Hutch Harris and The Thermals that he commands have one setting that we know of. It's a pistol-whipped, held down, repressed but still swinging and exploding in your face kind of offering that dispenses a blaring convulsion and kiss off to powers that be and powers that deserve to be revolted against. It's an abrupt and biting response to so many things, framed in the sort of outcry that doesn't have to be worked into a lather, as it's always frothy and smoking -- scorching to the touch. People have overturned parked cars with one swift heave on the strength of the adrenaline that the Portland band brews in its authentic plus-force way, sending out daggers, daisy-chained together as beads of incendiary flames and bullets of razor blades that hit like shotgun slugs to the stomach.
You feel a good deal of that ripe and rotten hopeless aggravation in Hutch's words, in the spit that covers his words - a curled lip and tongue - and you hear him breathing heavy as if he's been trying to outrun the atrocities of every day's bigger picture (all that we find almost impossible to slow or change). You hear him taking on the government and the church and all political dirtiness, the scandalous indignities, the human corruption that somehow gets rewarded time and time again, throughout the annals of all history. There's no avoiding the many examples of money triumphing over dignity and honor - of war hunger crowning peace, love and dope. Across all of time, those that think a fair shake is a God-given right or something less religiously other, seem to always get disappointed around the many bends and finer printings of small language. Equity is hidden in the terminology, seen as a masked marauder, different permeations in different shadings and hazes. It comes as no surprise that interpretations come in millions of sizes and Harris, bassist Kathy Foster and drummer Lorin Coleman offer one that coughs up blood and looks you directly in the eye. Heart attacks aren't as serious, but they're much less fun.

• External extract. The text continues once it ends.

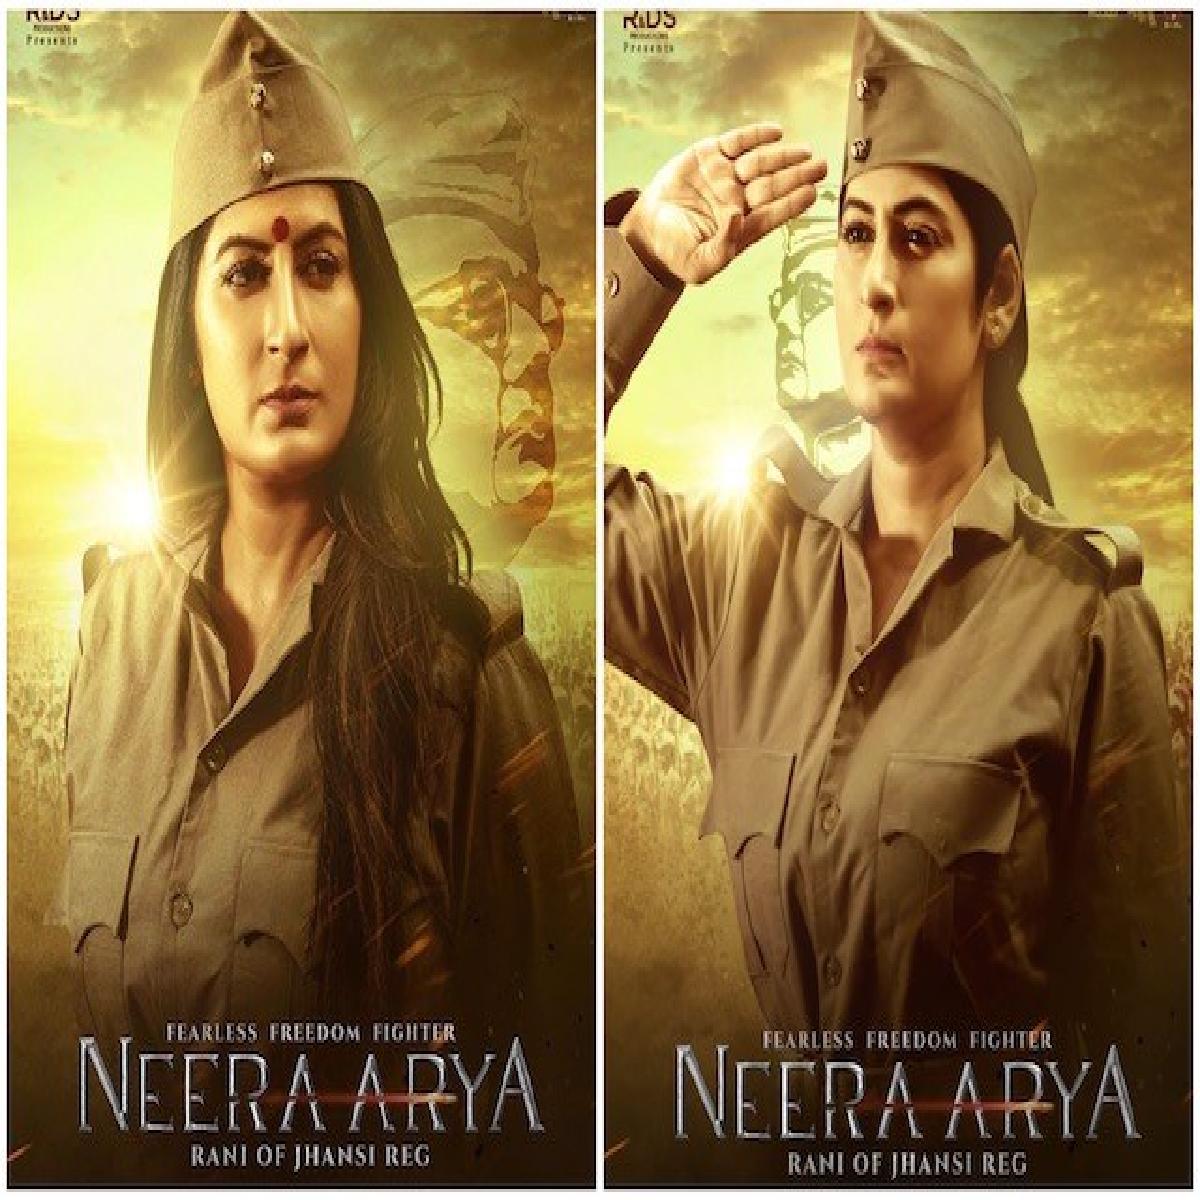 Neera Arya Motion Poster Is Out

The Body, The Blood, The Machine is a freighter laden with heavy, heavy consciousness and a version of clarity. It holds a belief that most of us are pawns - or seen as pawns - used for purposes in a twisted, real life version of Stratego, only the consequences are real and the casualties are realer. There is real blood in this game and there are hard and wet tears that leave a permanent track down a cheek. The anger that is dredged up or formulated is the kind that one doesn't shake for it has no cure. An American presidency as back as the one led by the George W. administration isn't one that can be remedied when another election happens at the end of the year. It will stain and Harris knows this quite well. It's harder to be angry about something that could just get wiped away like greasy fingerprints from a window, but these last many years of senseless war and selfish, monumental decisions are such pointless exhibitions of a destructive one-track mind that they'll remain as burn marks. Harris computes them and internalizes them as a steer takes to a branding iron. It's as if he can smell his own hide burning there on the ass, the initials of someone else's name and ideology grilled into his hair. How he takes it is by raging back, by calling the president and his minions out in his own little way. It's personal and confrontational and it couldn't be any more compelling. It's such constructive criticism - the thought that "I might need you to kill" is taken just like a grain of salt or brought up as a simple mundane favor akin to picking up some bread, if you wouldn't mind, on the way home from the office - that it will never be heeded. That alone cultivates enough ire to make four more records.